The topic immediately became the top trending search term on microblogging site Weibo, drawing more than 280 million views. Some internet users, however, said they remain sceptical of the near-term prospects of travelling because local authorities have varying enforcement policies.

Pedestrians walk along a road in Shanghai on Wednesday, nearly a month after a citywide lockdown was lifted. Photo: Bloomberg

Despite the uncertainties, search volume for flight tickets on travel booking site Qunar surged 60 per cent within 30 minutes after the MIIT’s announcement, while those for hotels and train tickets more than doubled, according to an article published by local channel Shanghai Television on social media platform WeChat.

The statement from MIIT, the government body responsible for the operation of travel cards, comes as China gradually eases its Covid-related restrictions, including border controls.

On Tuesday, national health authorities said inbound travellers to mainland China now only have to spend seven days at a government-run quarantine facility, followed by three days in home isolation – a major relaxation from the previous requirement of 14 days’ quarantine and seven days’ home isolation.
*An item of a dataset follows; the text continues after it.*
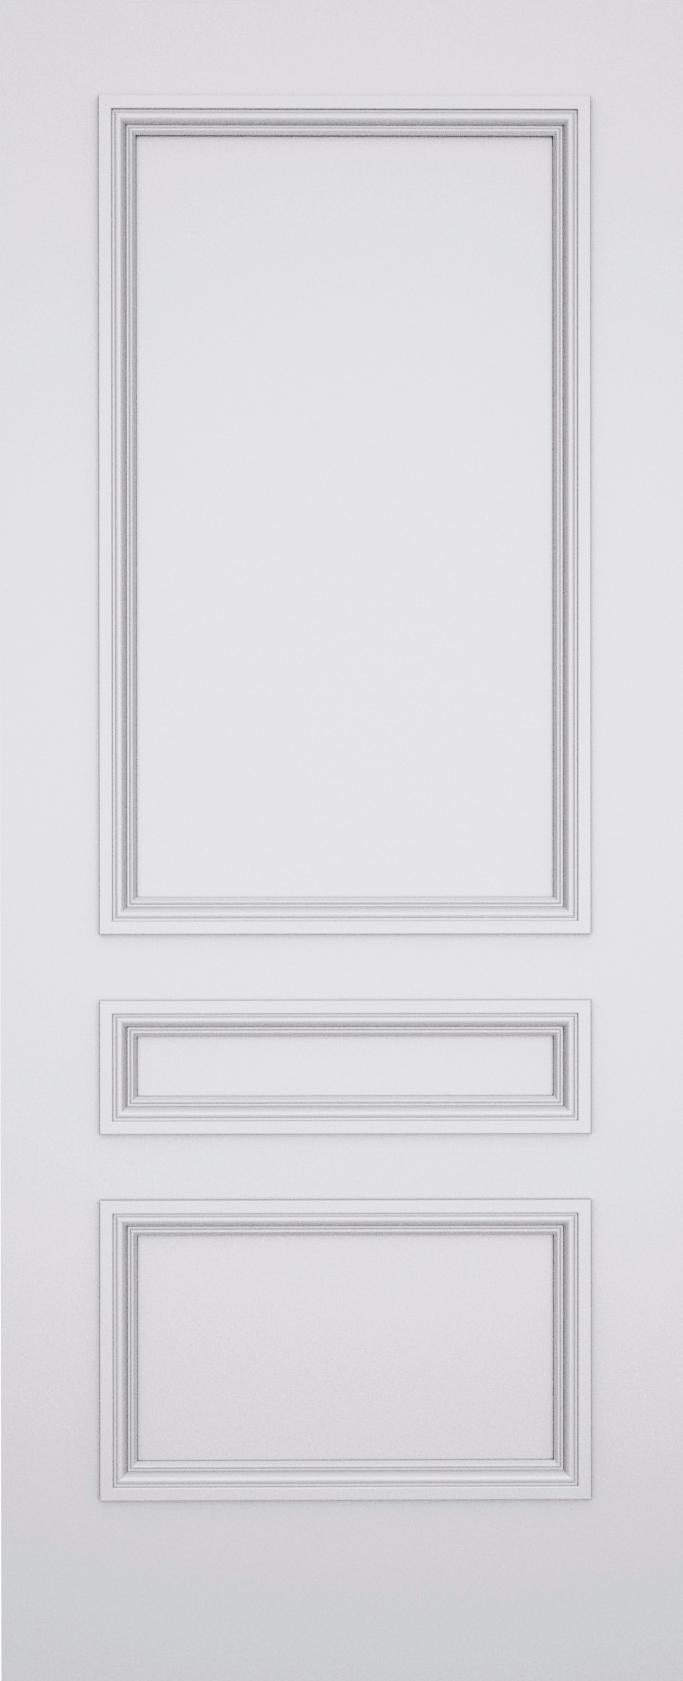 Kesh Balmoral 3 Panel Door

Still, China appears committed to maintaining other stringent control measures, such as repeated mass testing and snap lockdowns whenever sporadic cases are found.

China’s digital travel pass system, which was rolled out in February 2020 along with the health code system to track people’s movement by following their mobile phone signals, also remains in place.
President Xi Jinping has said that China will continue its dynamic-zero policy, which is the “most economic and effective” response, and China can continue with it until “the final victory” against the pandemic is won.